You can also specify a negative condition inside the brackets with a ^. This will cause anything to be matched EXCEPT what is specified.

[^0-5]takeNote

This expression will match 6takeNote and ztakeNote but will not match a similar string like 4takeNote because it starts with a 4, or 5takenote because the "n" in note is not capitalized.

|

You use | to implement an either or type matching pattern.

[T|t]ake[N|n]ote

This expression will match the strings TakeNote, Takenote, takeNote, or takenote but will not match similar strings like wakenote because it starts with a "w," or takeote because it is missing the "n."

Position Matching

Regular expressions support two metacharacters that you can use to force the string you want to search for to be at the beginning or the end of the searched string. The metacharacters involved with implementing this capability are the ^ and the $.

^

The ^ matches the beginning of a string.

^take

This expression will match takenote and take a note but will not match I think I've been taken by the Nigerian email scam! Why not? Because the word "take" must be at the beginning of the string.

$

The $ matches the end of a string.

[T|t]ake[N|n]ote$

This expression will match I work for TakeNote but will not match TakeNote is who I work for because the pattern calls for the word "takenote" to be the final characters in the string.

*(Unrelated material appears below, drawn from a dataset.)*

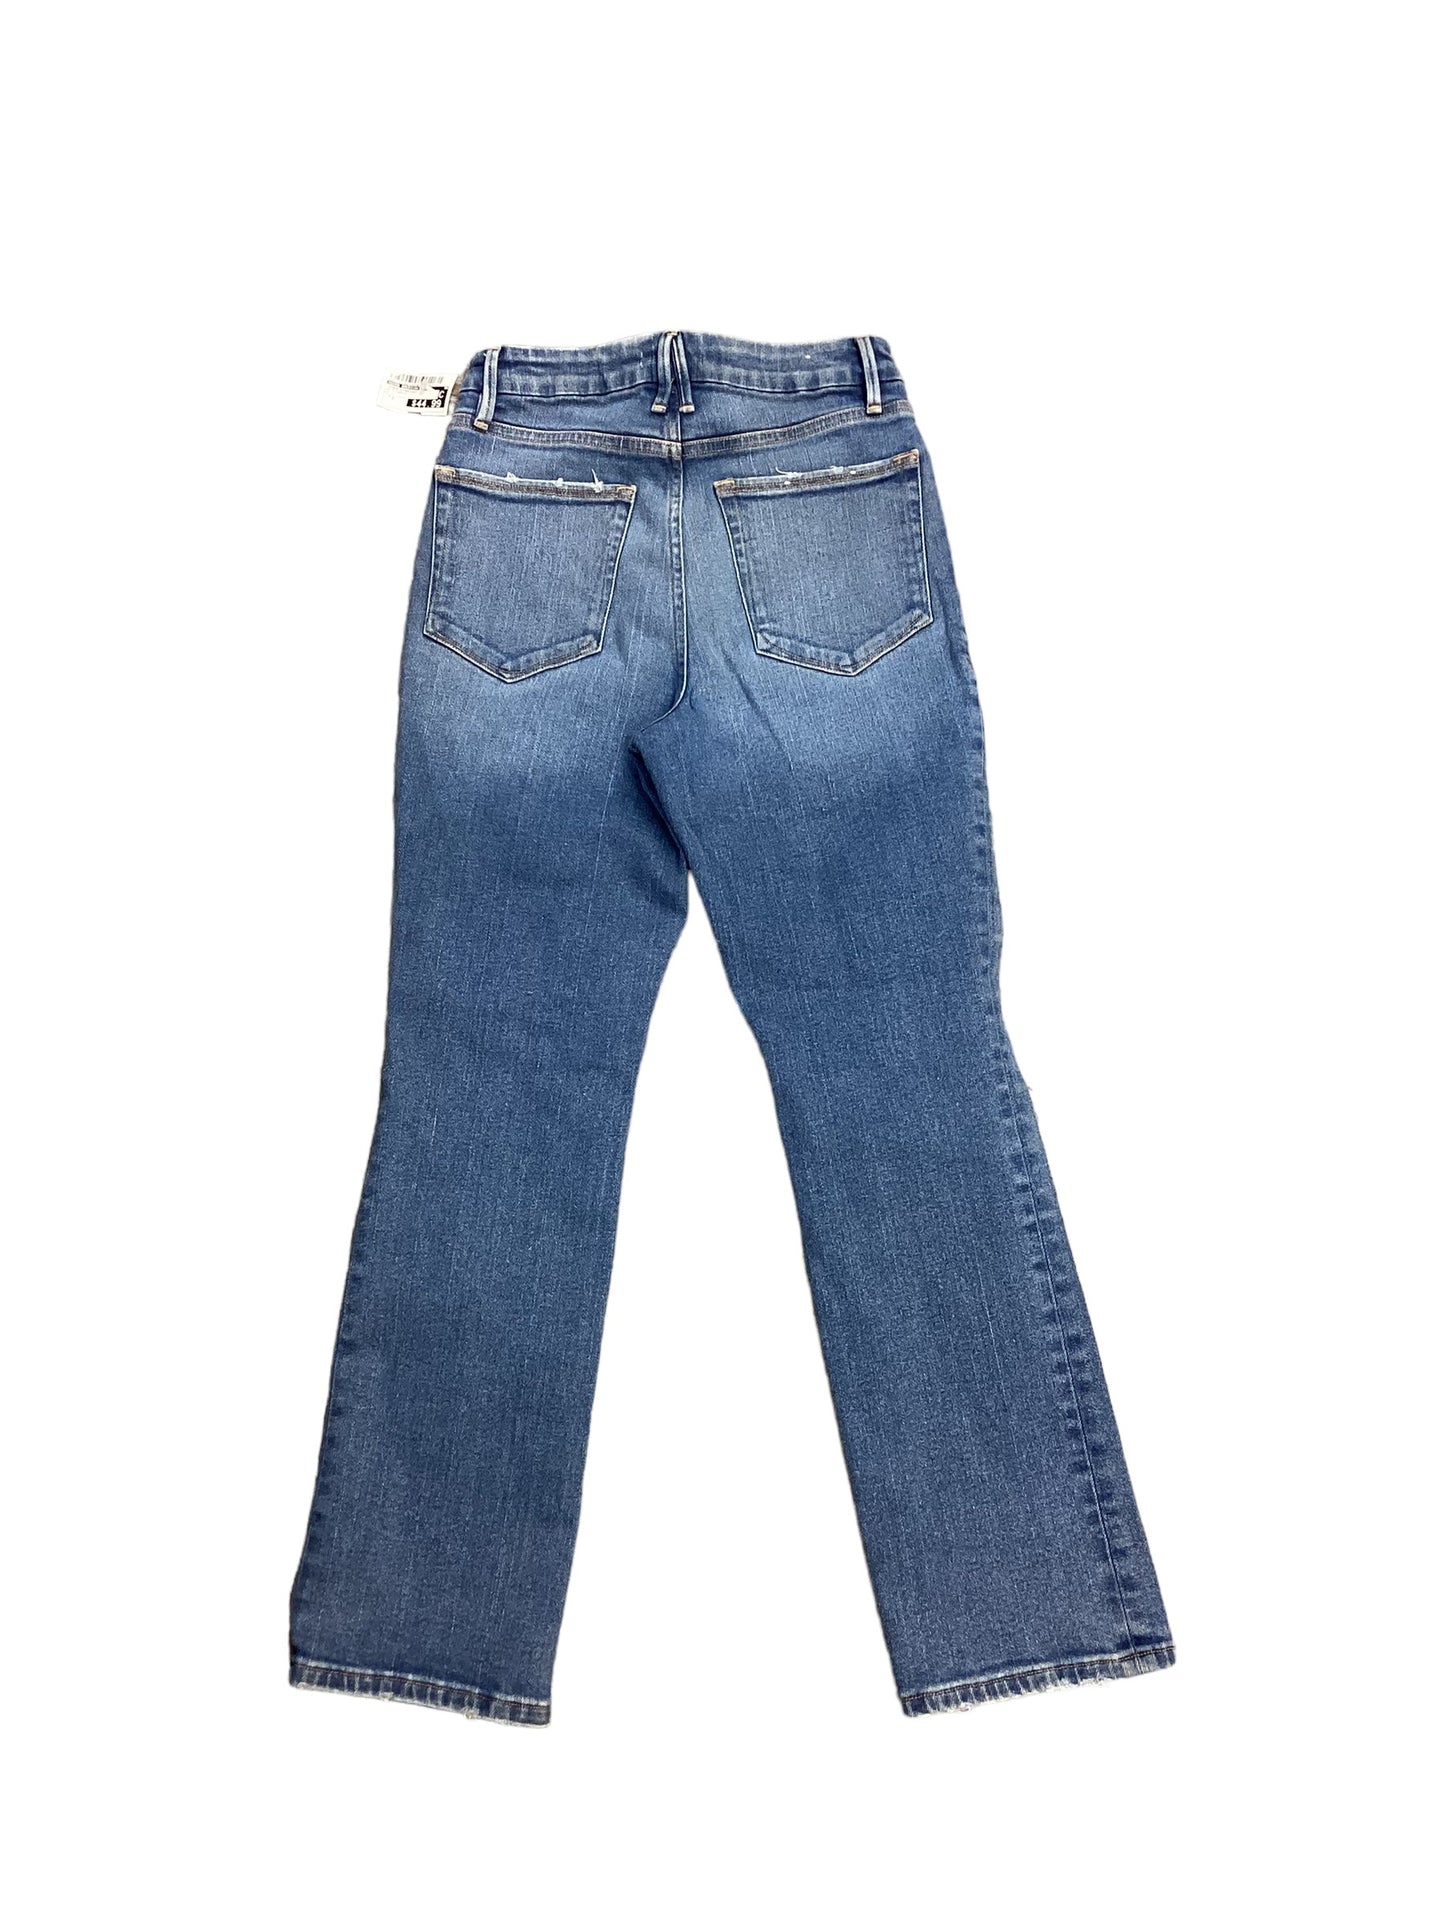 Jeans Straight By Good American  Size: 2
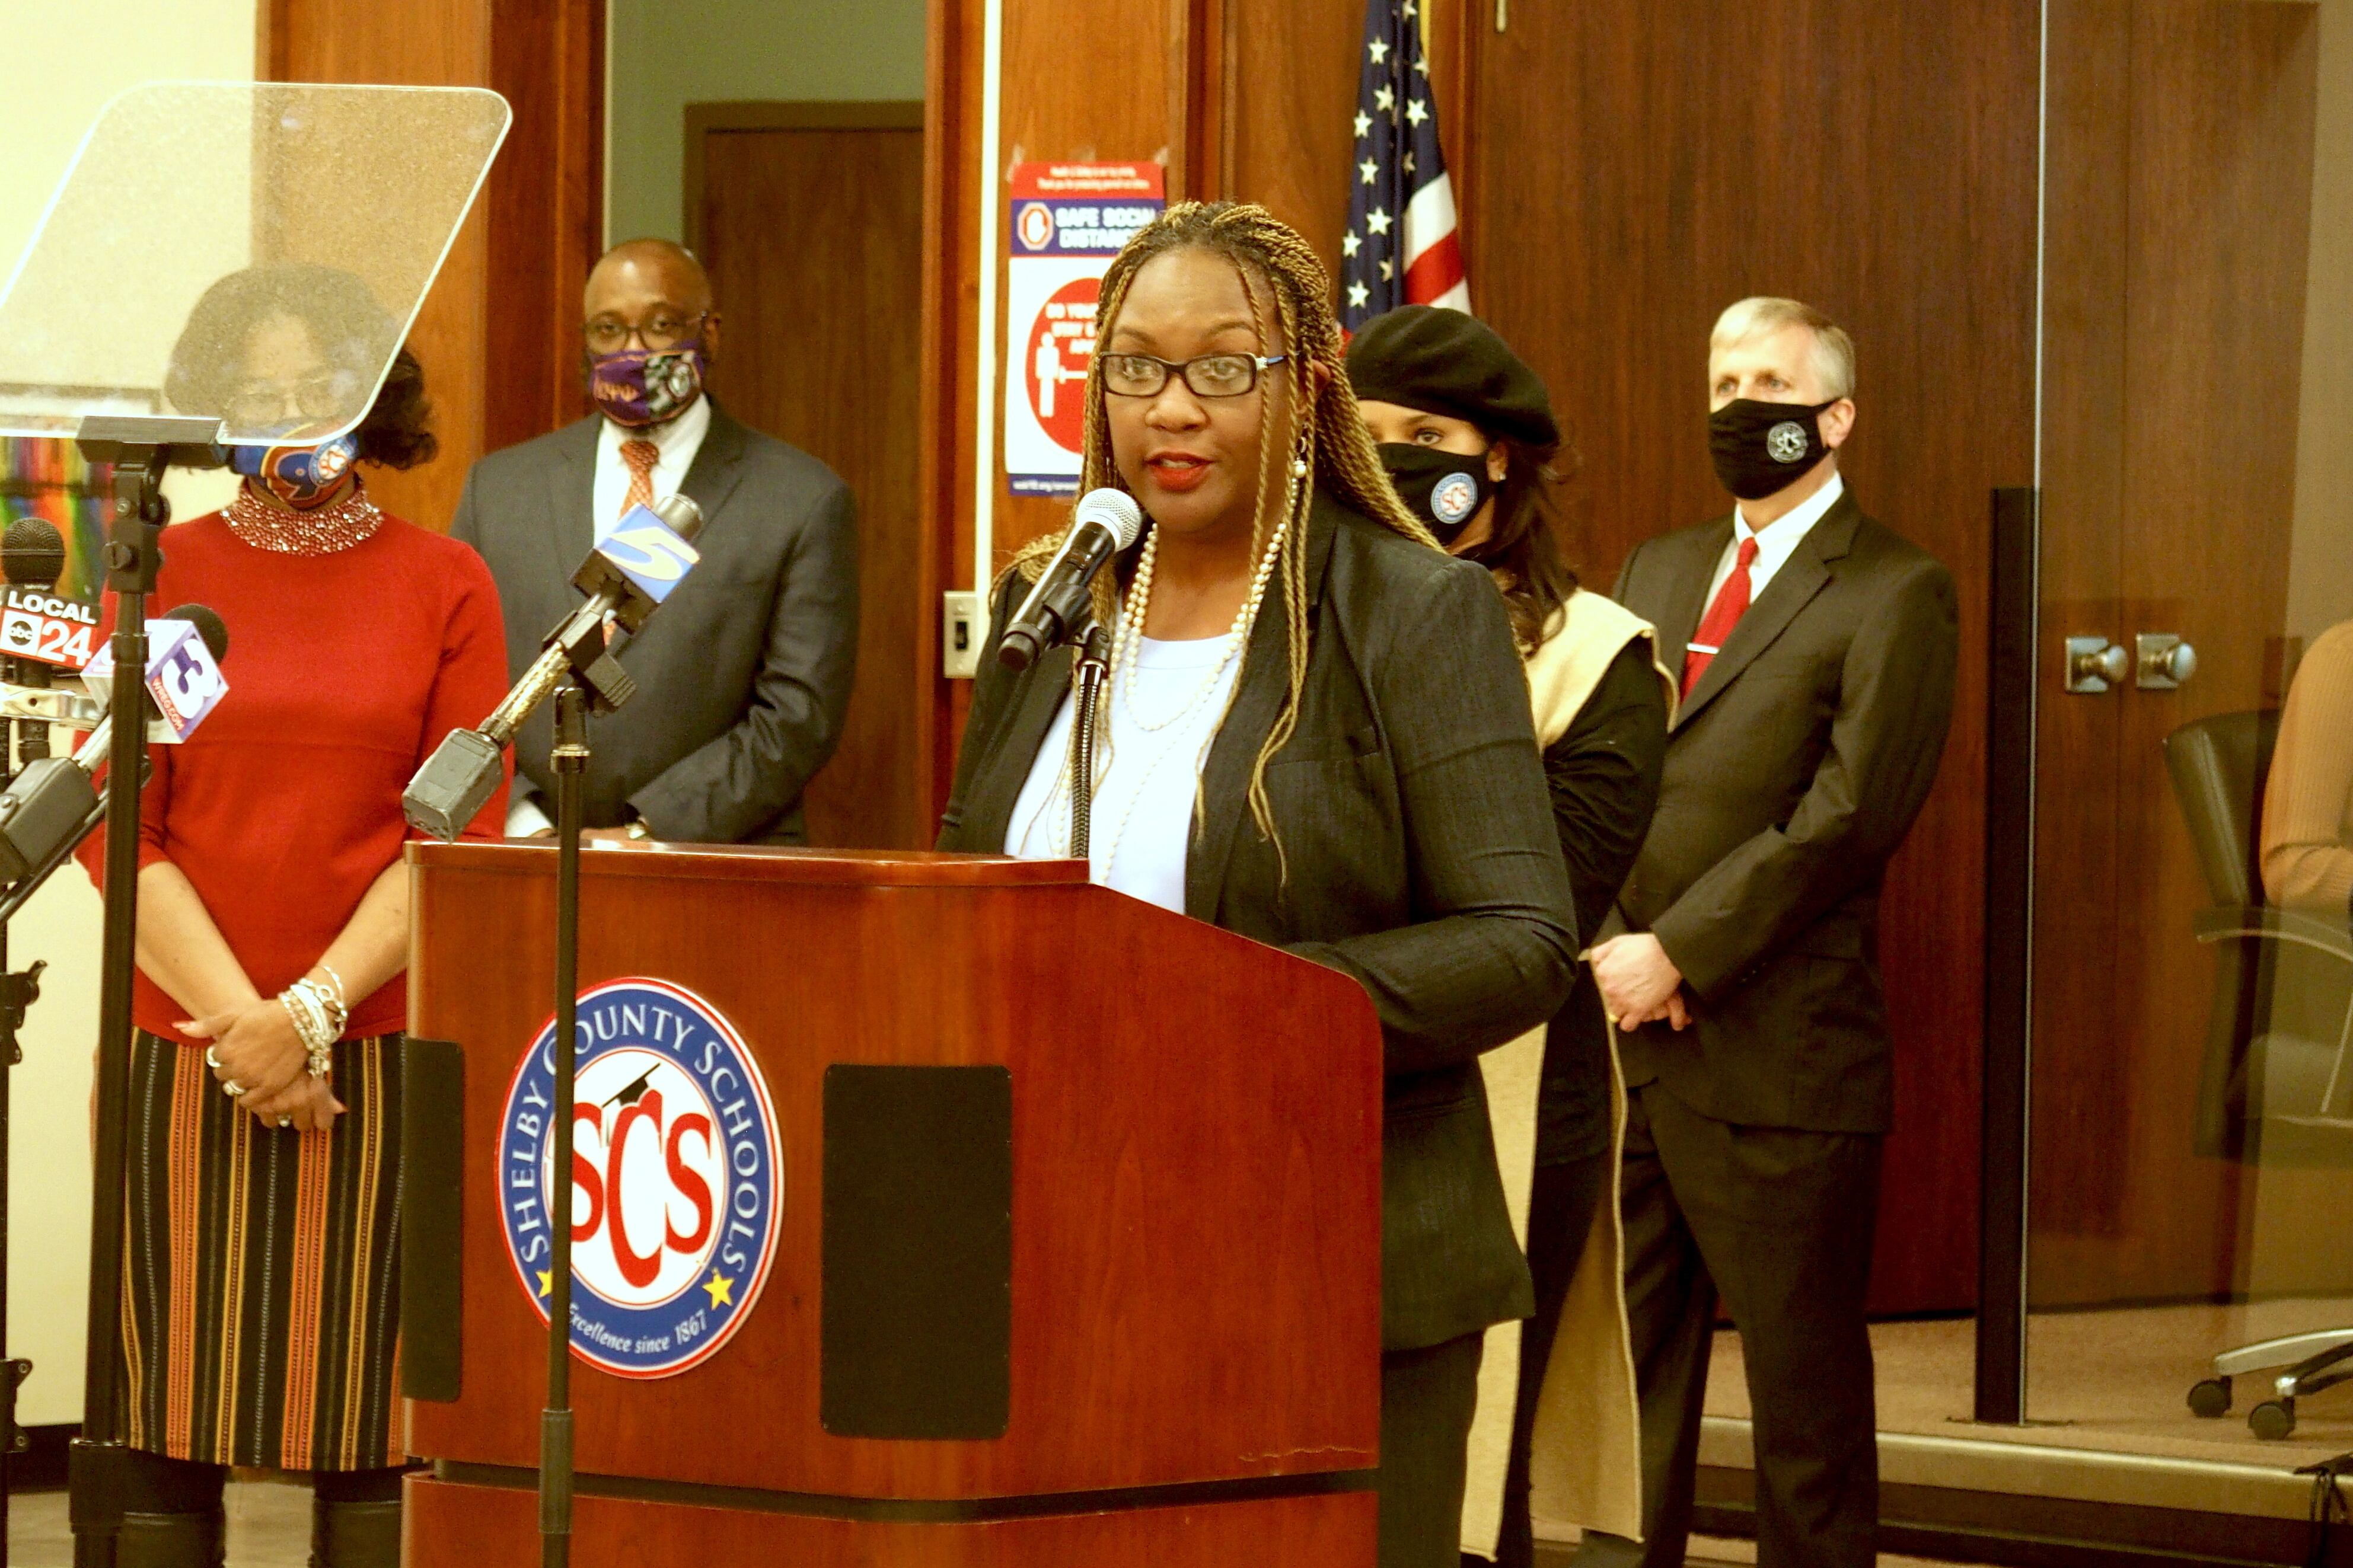 A woman wearing glasses speaks into a microphone while standing at a podium in Shelby County Schools’ central office auditorium.

Developers often use the ^ and the $ together to define a pattern. For example, let's take a look at a fictitious inventory part number. Assume that in order for the part number to be valid it must be two letters followed by two digits.

^[A-Za-z][A-Za-z][0-9][0-9]$

This pattern, where each set of brackets represents a single character, matches AB12, BR54, and ZZ22, but does not match ABC1, S194, or ABCD. Even though the three non-matching examples are all four characters in length, they are not the correct characters.

If you're thinking that the following would have worked as well:

[A-Za-z][A-Za-z][0-9][0-9]

You are correct, sort of. Yes, AB12 and BR54 would still match, but so would ABCD1234 because the pattern is represented in the string. That's why you needed the ^ in the beginning and the $ on the end to define the beginning and ending structure of the pattern.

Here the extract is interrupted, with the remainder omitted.